His wound burned. His arm throbbed with a strange pulse—like the tattoo beneath the beast form was reacting, responding, awakening.
It has never done that. Not in centuries. Not since the pact was branded into him. Yesterday, it sparked to life. Tonight, it pulsed. Now it blazed. The ink beneath his skin felt molten, lines of power shifting into new patterns he did not recognise, as if an old spell had been waiting all this time for her to complete it.
He took a step toward her.
Her eyes widened just enough to betray the terror shaking beneath her fury. But she did not fall. She did not crawl. She did not beg. That thin line of fear only made the steel in her spine more obvious, the way a quiver in a blade proved how finely it had been tempered.

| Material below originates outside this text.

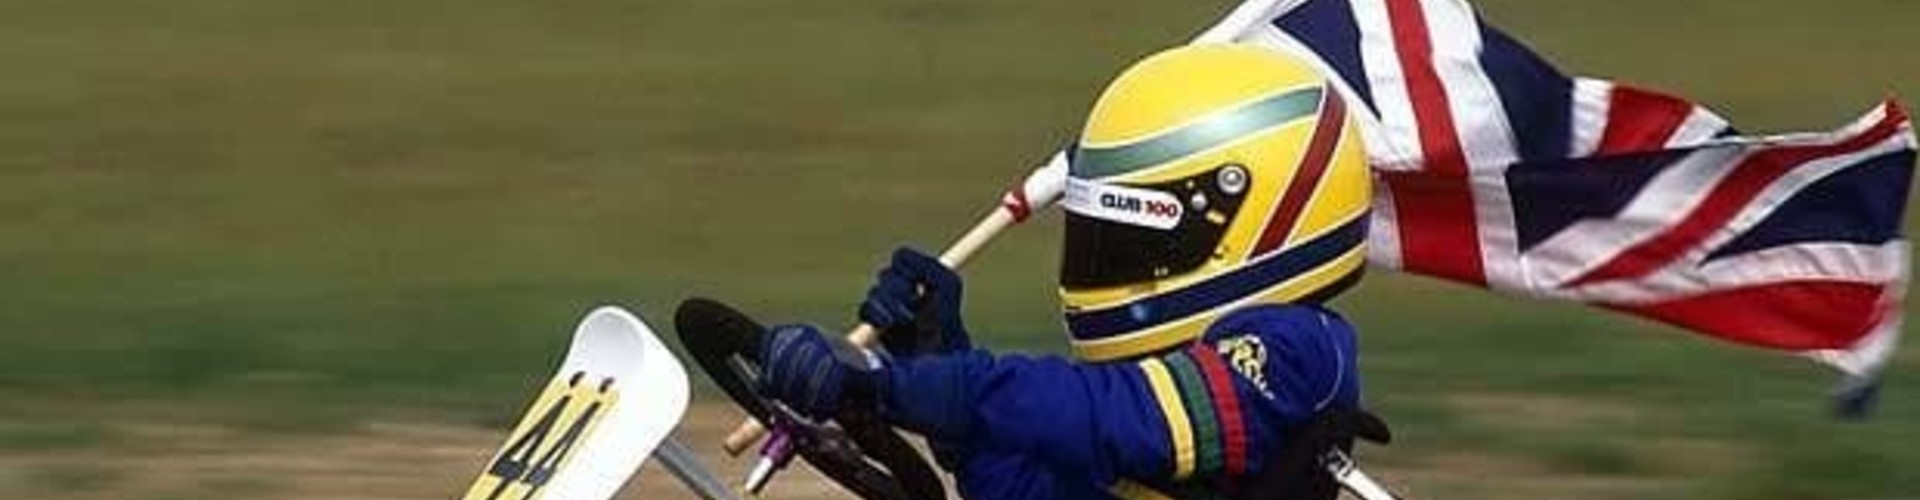 Lewis Hamilton wereldkampioen formule 1 2018

He hated the way something hot and unfamiliar curled inside his chest in response. It was fascination. Desire. A hunger like no other.
He didn’t know which one disgusted him more. He was accustomed to wanting screams, submission, the clean, simple satisfaction of dominance. Whatever this was—this urge to watch her, to test her—it threaded through him with far more dangerous hooks.
The wound on his shoulder throbbed again. He snarled, lowering his head, breath steaming in thick, angry clouds.
Her scent pierced through him. Blood, sweat, jasmine, fear. But underneath it all…
That spark. That impossible spark that had first reached him through the veil. He inhaled sharply, forcing the scent into the deepest part of his consciousness. His pupils dilated. The forest around them dimmed for a moment in his awareness, as if every tree, every stone, every lesser heartbeat stepped back to make room for the imprint of her on his senses.
This girl, this mortal, this little flame had struck him.
Struck him.
The thrill of it nearly staggered him. Long-buried instincts—ones that had nothing to do with the Pact and everything to do with the old days, when he chose adversaries instead of offerings—stirred and stretched in his bones.
He growled low, the sound trembling through his chest. She flinched but didn’t back away. Her fists trembled at her sides, scraped palms bleeding freely.
“What are you,” he rumbled in his mind, though the words shaped cleanly in his head, “to burn this bright?” The question echoed down the tether of the pact-mark, bouncing back at him with no answer, only the echo of her ragged breathing and his own pulse, suddenly out of sync.
He prowled closer, massive claws sinking into the earth. Soil crumbled under his weight, roots splintering like brittle bones as he closed the distance one measured, deliberate step at a time.
Her breathing hitched. Her pulse thundered in her throat. He could hear every heartbeat. Could see every shiver. Every swallow.
She was terrified. And still she glared at him like she wished she had a second spear.
Good. Fight him. Defy him. Give him something real. He was so very tired of easy terror, of offerings who broke before he ever reached them. Her resistance tasted like fresh air in a realm he had suffocated for too long.